Заключительное выступление Ширяева было действительно кратким, но тем большее впечатление оно произвело на ветлужский актив. Поднявшись за столом и наклонившись вперед, Ширяев нервно-взвинченным голосом стал бросать в зал отрывистые, глуховато булькающие слова:

— Каждое дело концом хорошо. На сегодня хватит, закругляться будем. Но разговор этот мы еще продолжим. Обязательно продолжим. А сегодня решим вот что. Сселение деревень прекратить… Укрупненные колхозы пересмотреть. Раз напортачили — поправить. Решение облисполкома о списании долгов с колхозов отменить как незаконное. В Приозерье, Белогорск, Заречье и еще некоторые районы поедут бригады во главе с нашими работниками. Там надо разобраться особенно тщательно. Любили кататься, пусть любят и саночки возить… Что же касается областного комитета партии, — Ширяев мельком взглянул на Заградина, — этот вопрос будет решать ЦК. Вам сообщим.
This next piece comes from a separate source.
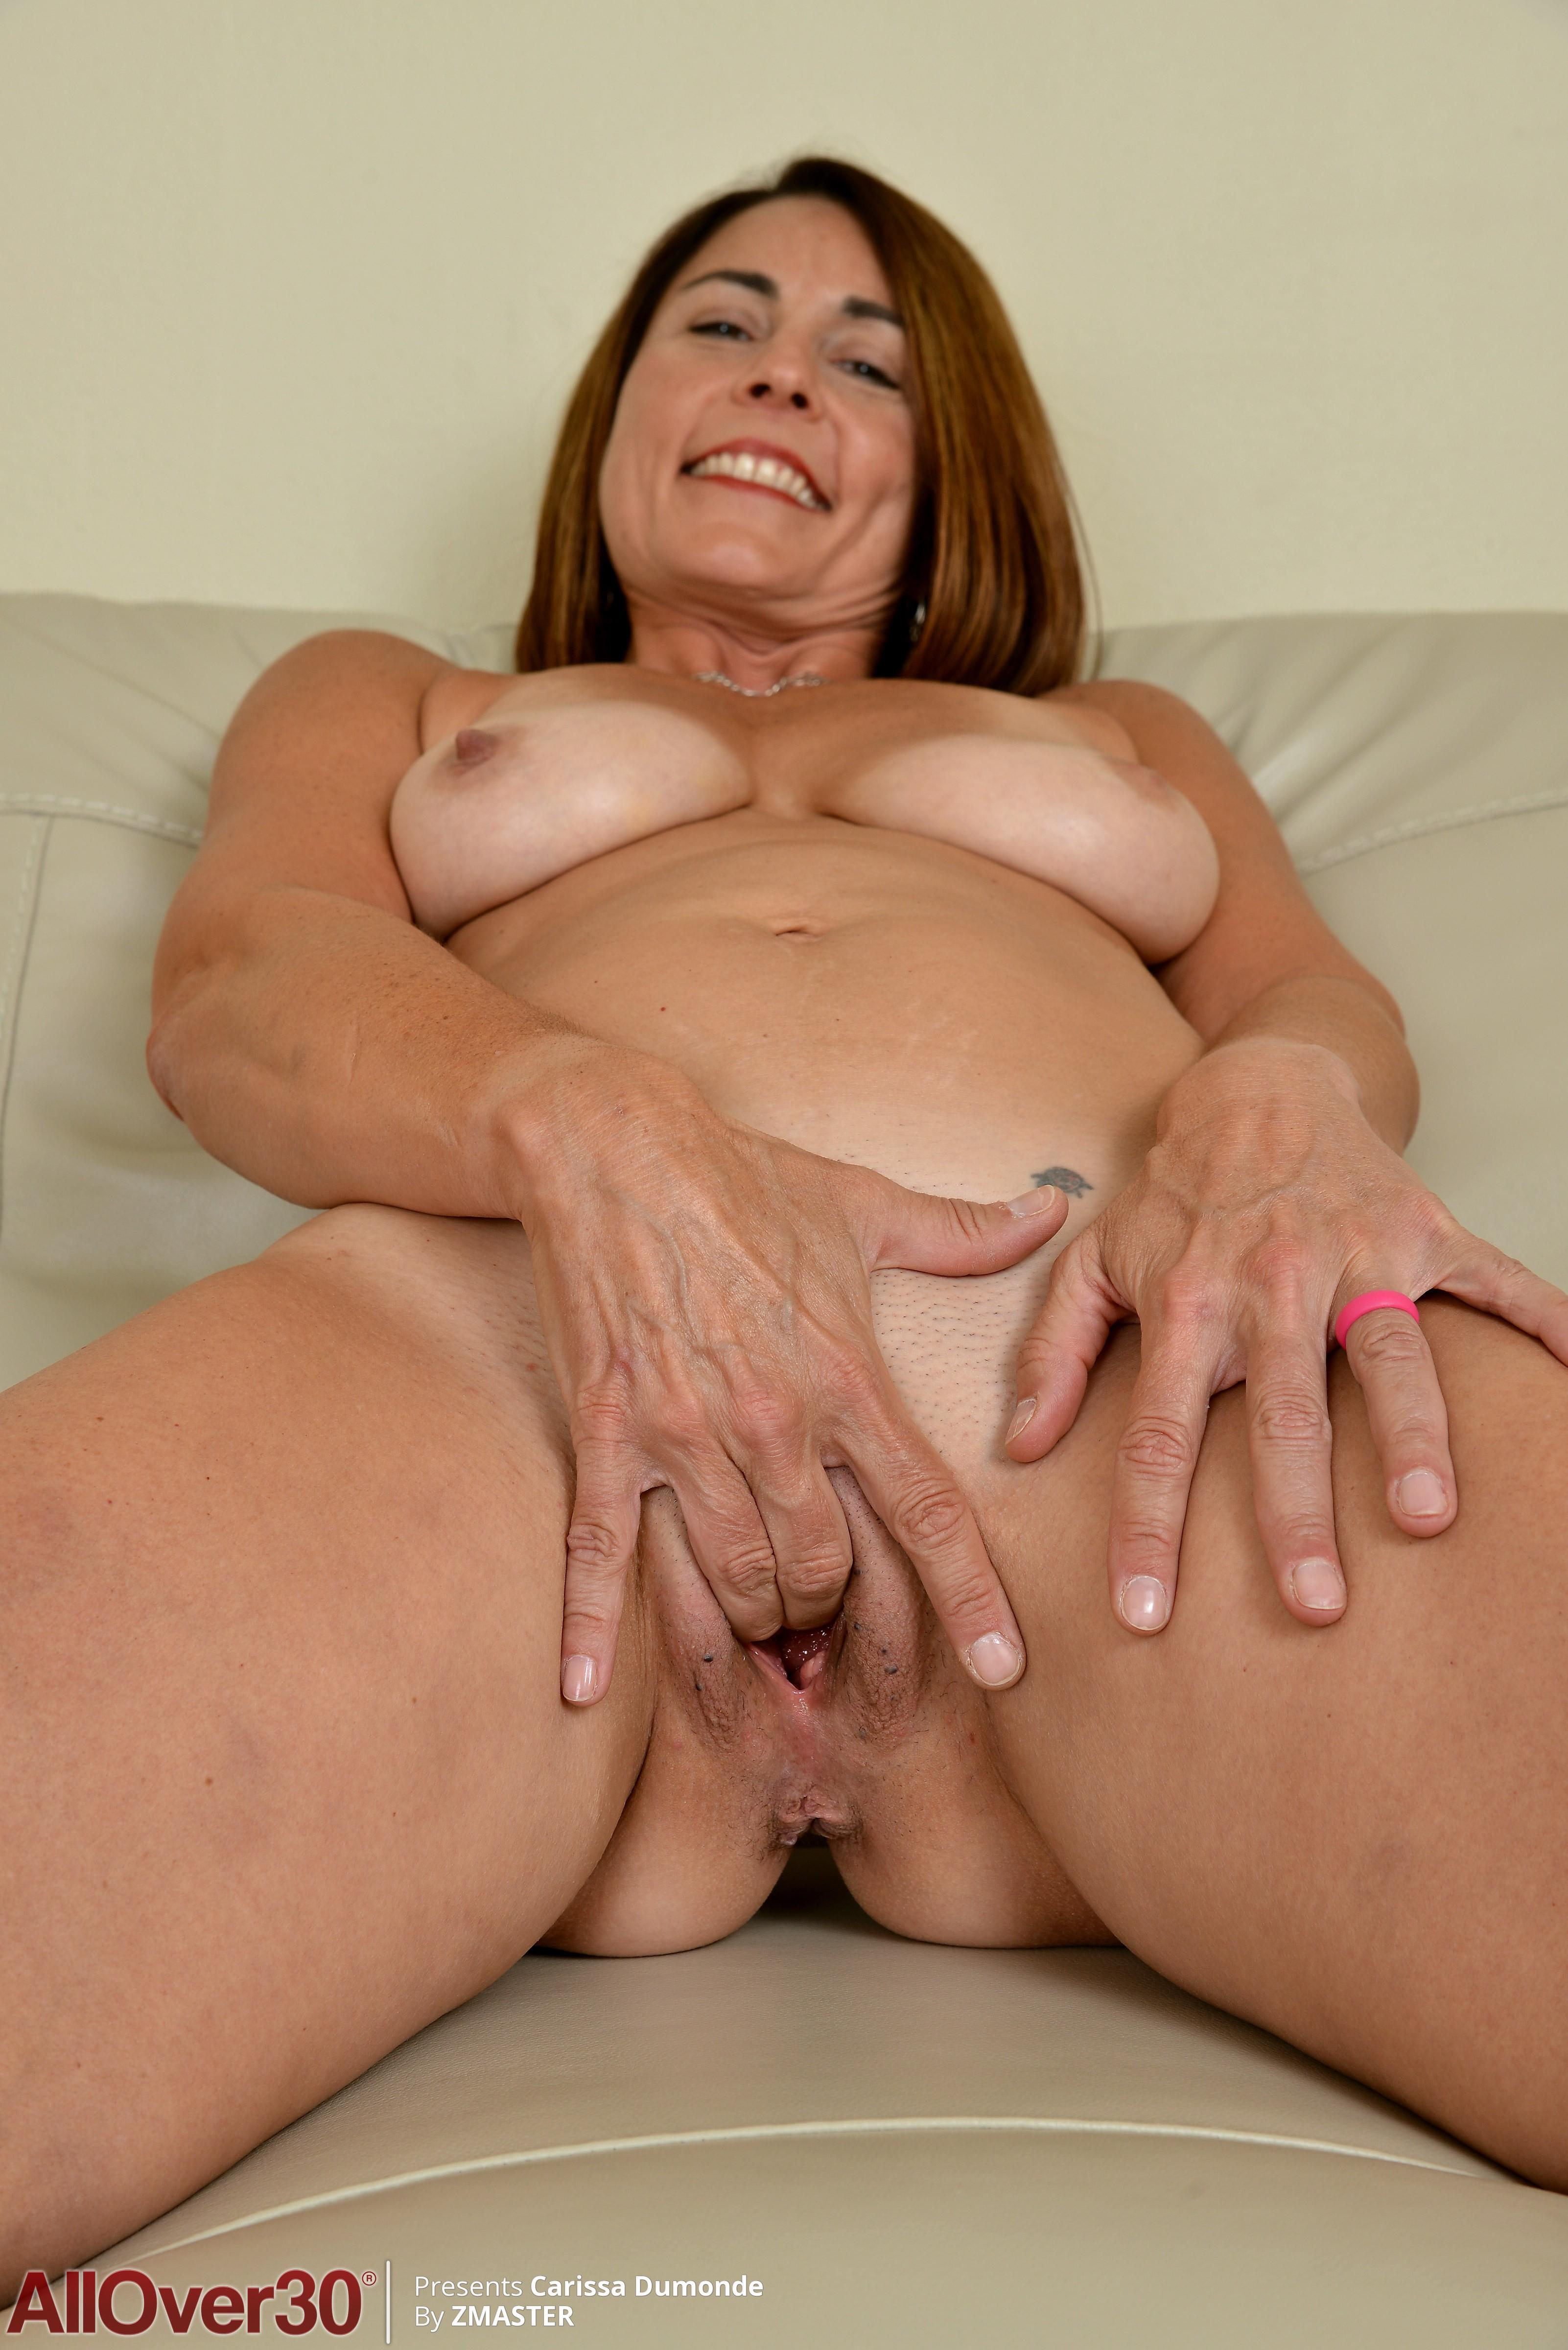 Chiropractor girl nude naked
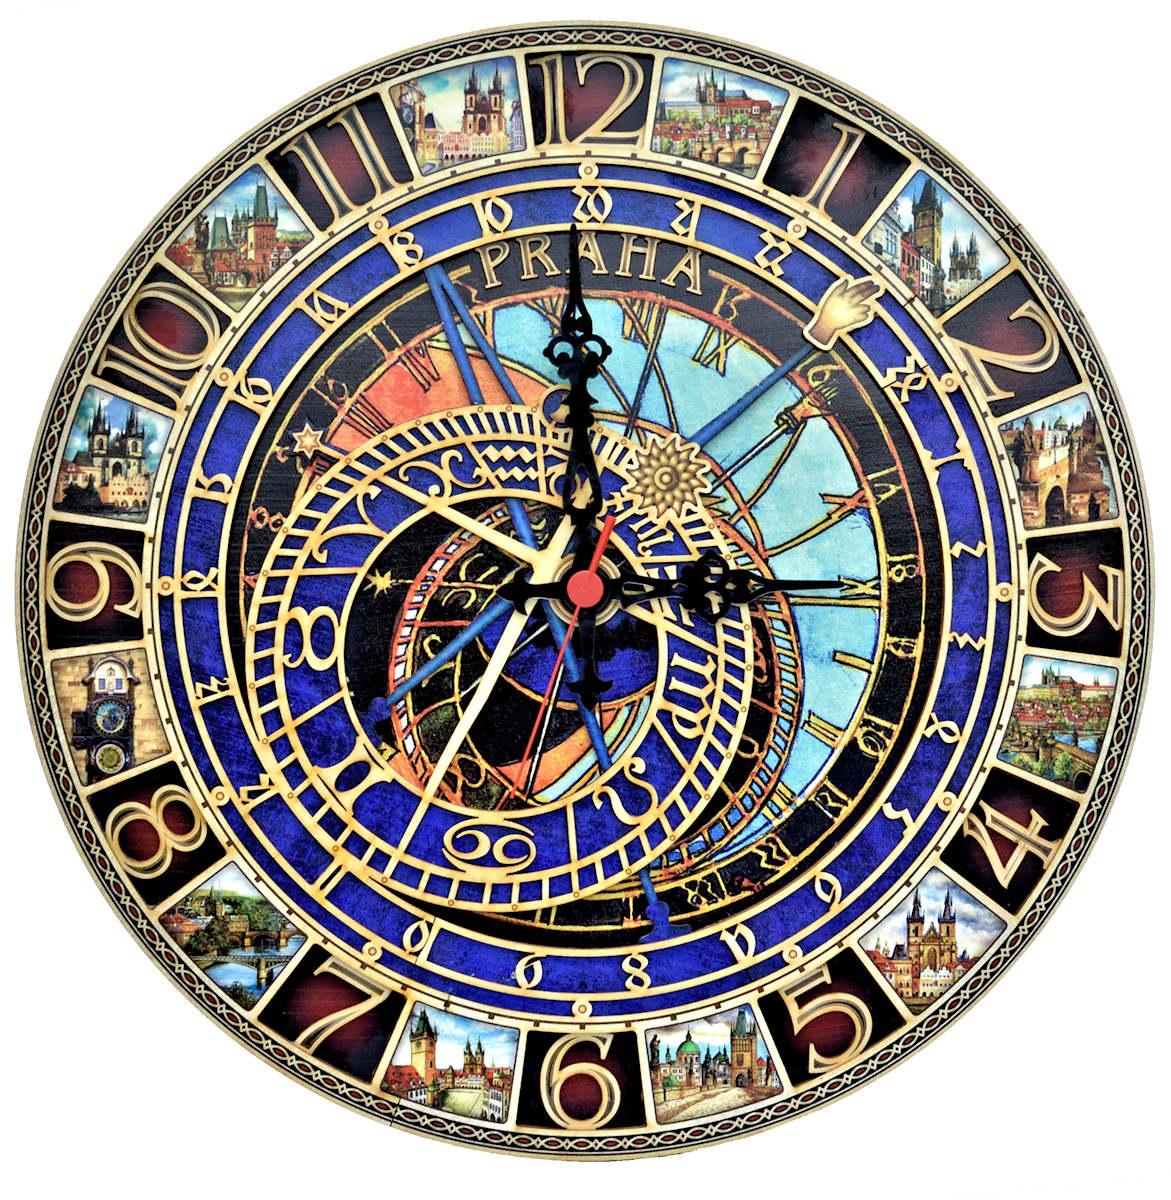 Prague Astronomical Clock In Prague Stock Photo - Download

Других мнений, полагаю, нет? — И, не дождавшись какого-либо ответа из зала, Ширяев объявил: — Заседание окончено.

…Большинство из тех, кто был на бюро, выходили из обкома со смятенной, растревоженной душой, полные сумрачных, беспокойных мыслей. Все понимали — то, что происходило сегодня в зале заседаний, — лишь начало событий, лишь первые удары грома перед грозой, которая, видимо, грянет в самом скором времени…

.   .   .   .   .   .   .   .   .   .   .   .   .   .   .   .   .   .   .   .   .   .   .   .

Когда пришли в кабинет, Ширяев с прищуром посмотрел на Заградина:

— Не знал я, что вы такой. Не знал.

— Какой такой?

— Дорого ты, милок, заплатишь за свои сногсшибательные идеи. Не наши они, не партийные, эти идеи. Да и не идеи это, а идейки, чепуха… Да, да. Чепуха.

— Вы зря меня запугиваете, Андрей Федорович. Я и пуганый, и битый. И притом ничего не сделал такого, чтобы вы со мной так разговаривали.

— Ах, вот как? Вам не нравится, как я разговариваю? Ну что же, милок, ладно. Винюсь перед тобой. Не привык я по-другому с такими разговаривать.

Заградин побледнел, резко поднял голову. Ширяев, будто не замечая этого, продолжал:

— Ты вот хотел, чтобы товарищу Сталину о тебе доложили?

— Не обо мне, а о нашем споре.

— Это все едино. Доложим, обязательно доложим. Сообщим, быстренько сообщим, какой у нас первый секретарь в Ветлужске.

Не прощаясь, Ширяев вышел. Он еще с утра обосновался в кабинете Мыловарова и здесь за запертыми дверями совещался со своей бригадой.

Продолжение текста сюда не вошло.